Ирина Константиновна вернулась к доске и продолжила урок, а Оля так и сидела, поджав пальцы на ногах. В виске громко стучало, будто бы маленькая птичка поселилась под кожей, выросла и теперь все сильнее рвалась на свободу.
На перемене Жорик предпринял попытку слинять и предложил Оле сделать то же самое. Ирина Константиновна поймала обоих на первом этаже: схватила Жорика за рукав здоровой руки.
– Я так и знала! – произнесла она свою любимую фразу (не было, видимо, в мире вещей ей неизвестных). – А полы за тобой и твоей подружкой я мыть буду?

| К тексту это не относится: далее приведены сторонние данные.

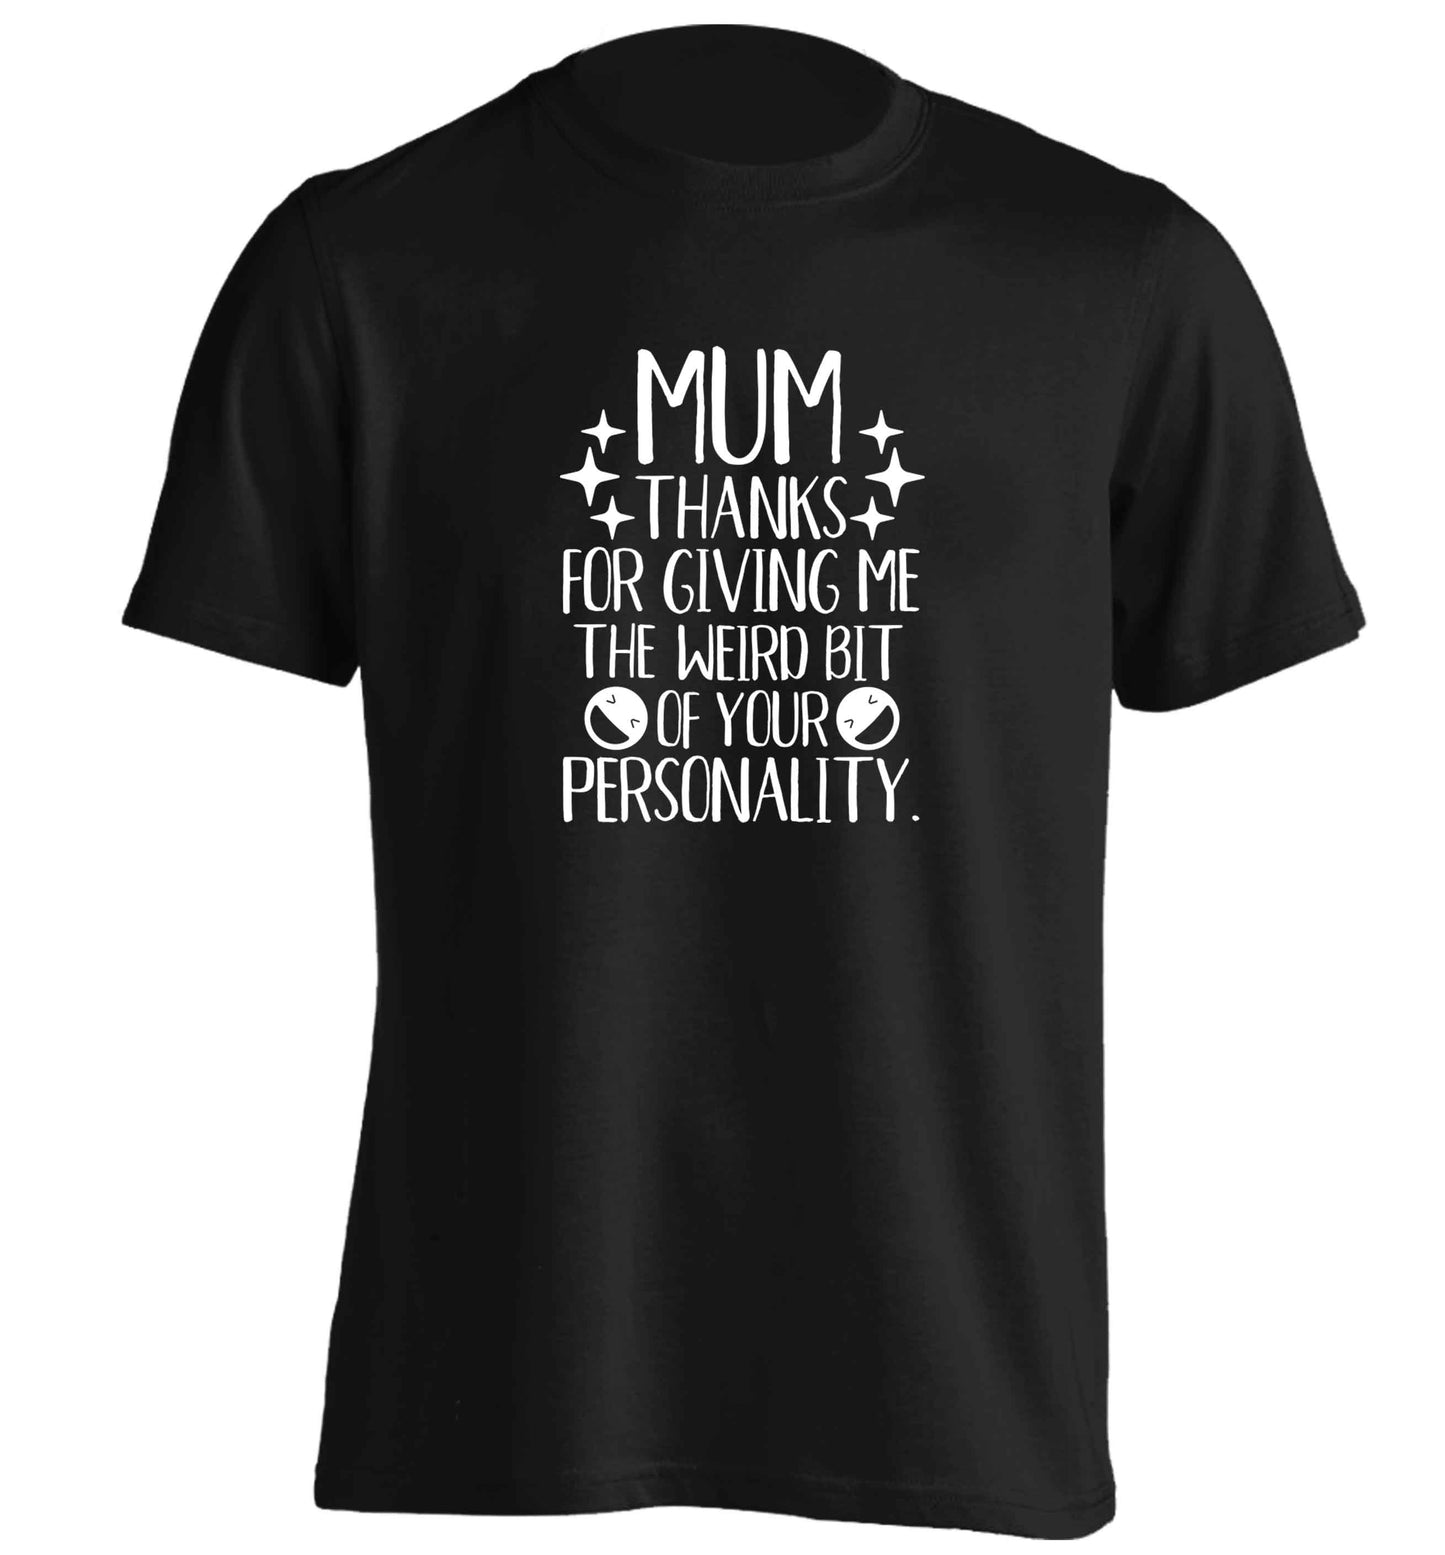 Mum thanks for giving me the weird bit of your personality adults unisex black Tshirt 2XL

Ирина Константиновна кивнула на ноги Оли. Огромные черные ботинки, которые она донашивала за Владом, мало походили на «сменку». Под партой даже осталась небольшая лужа, которую Оля пыталась размазать по полу теми же ботинками – может, быстрее высохнет? – но лужа не высыхала, а только растекалась все шире.
– Оба – за мной!
За спиной у них хихикали. Это Дима Дубко с дружками подглядывали из гардеробной. У Оли снова зачесалось, заскребло в горле, и она цапнула ногтем едва засохшую корочку от заусенца на большом пальце. Вломить бы им! Оля вспомнила, как плакал Влад после ее оплеухи, как жаловался папе. Вломить бы. Оля остановилась и зажмурилась: вот она виснет на подвижной вешалке школьного гардероба, раскачивается и пинает Дубко ногами в живот; вот он отлетает к стене, а Оля спрыгивает рядом и бьет его сменкой по голове… Хихиканье за спиной не прекращалось, не утихало. Оля открыла глаза. Ирина Константиновна и Жорик подходили к директорской. Оля догнала их и юркнула внутрь под рукой учительницы. Ирина Константиновна цыкнула и закатила глаза.

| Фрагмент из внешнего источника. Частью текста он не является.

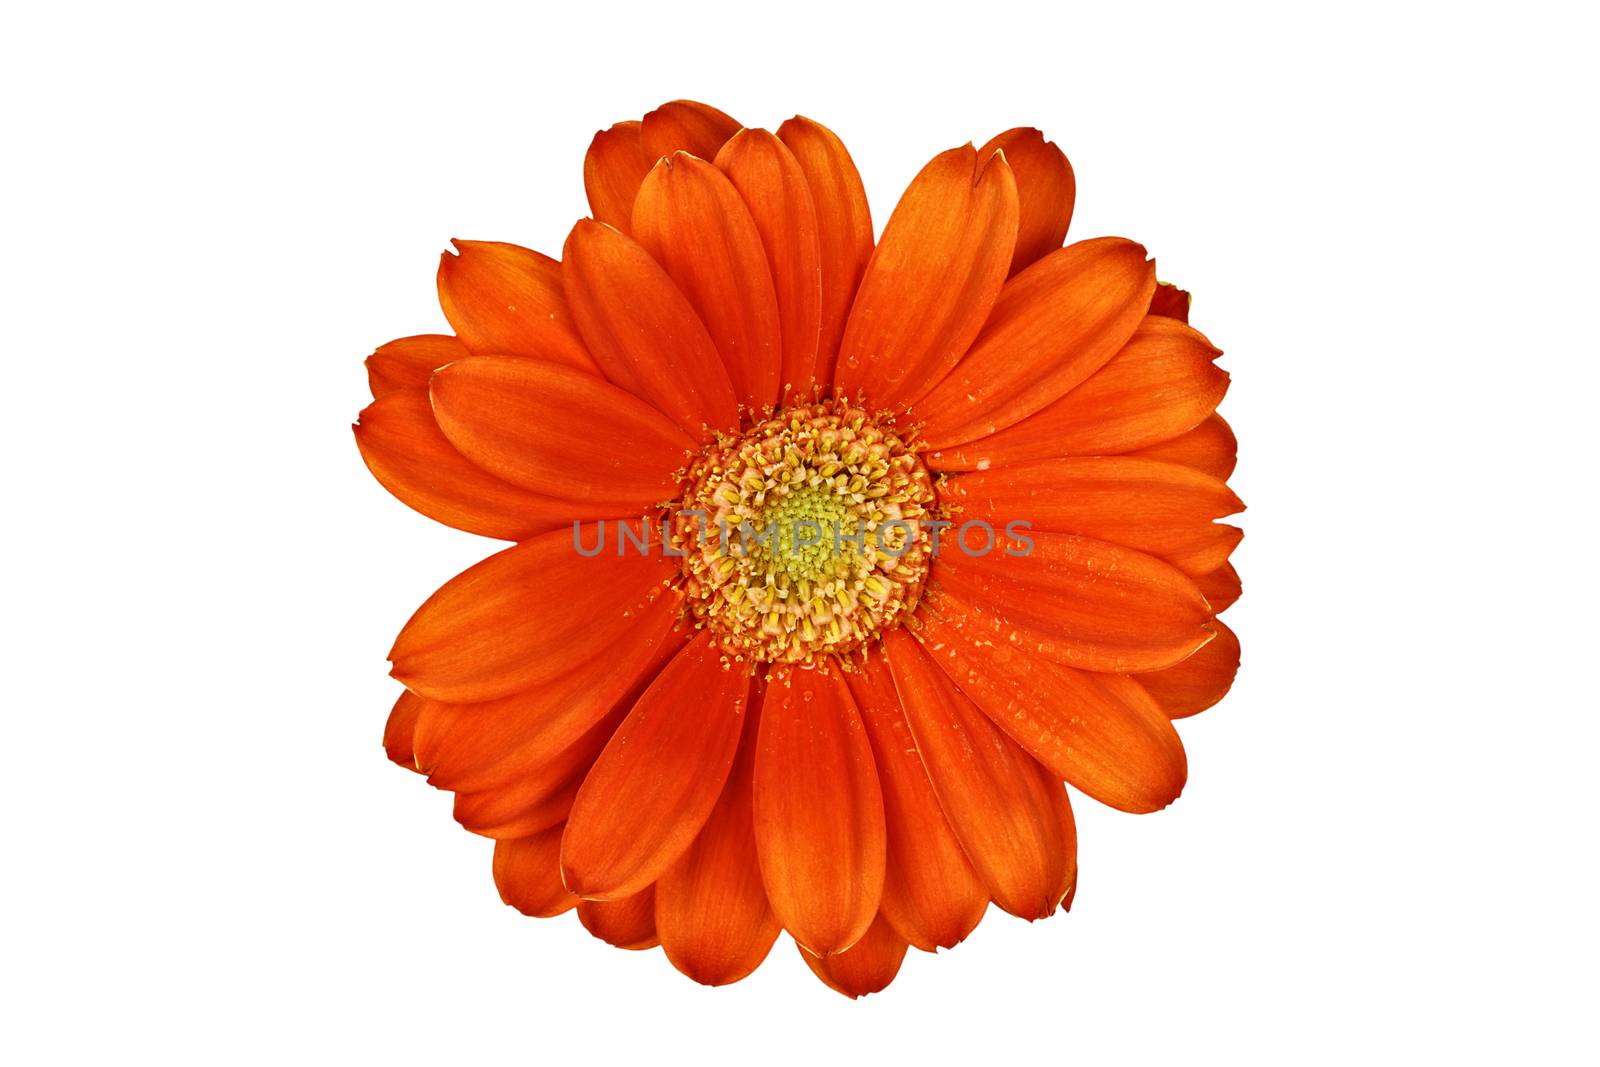 Isolated gerber daisy macro over white with clipping path included.

У директора все прошло как обычно. Пожилой мужчина в костюме, который был ему велик, читал Оле и Жорику нотации об образцовых учениках школы, хотя и Оля и Жорик знали: учились здесь все подряд. Не забыл он упомянуть и музей воинской славы, а в конце добавил: «У нас памятник во дворе школы стоит советской летчице – постеснялись бы, поучились! А вы – записочки!»
В класс они вернулись тем же составом. Оля ползала под партой, оттирала пятно, оставленное ее ботинками, но думала она не о тряпках и полах. Оля намертво решила, что не хотела бы для себя такого будущего и такой работы: одно и то же каждый день. Памятник за окном, бумажки на директорском столе – одно и то же.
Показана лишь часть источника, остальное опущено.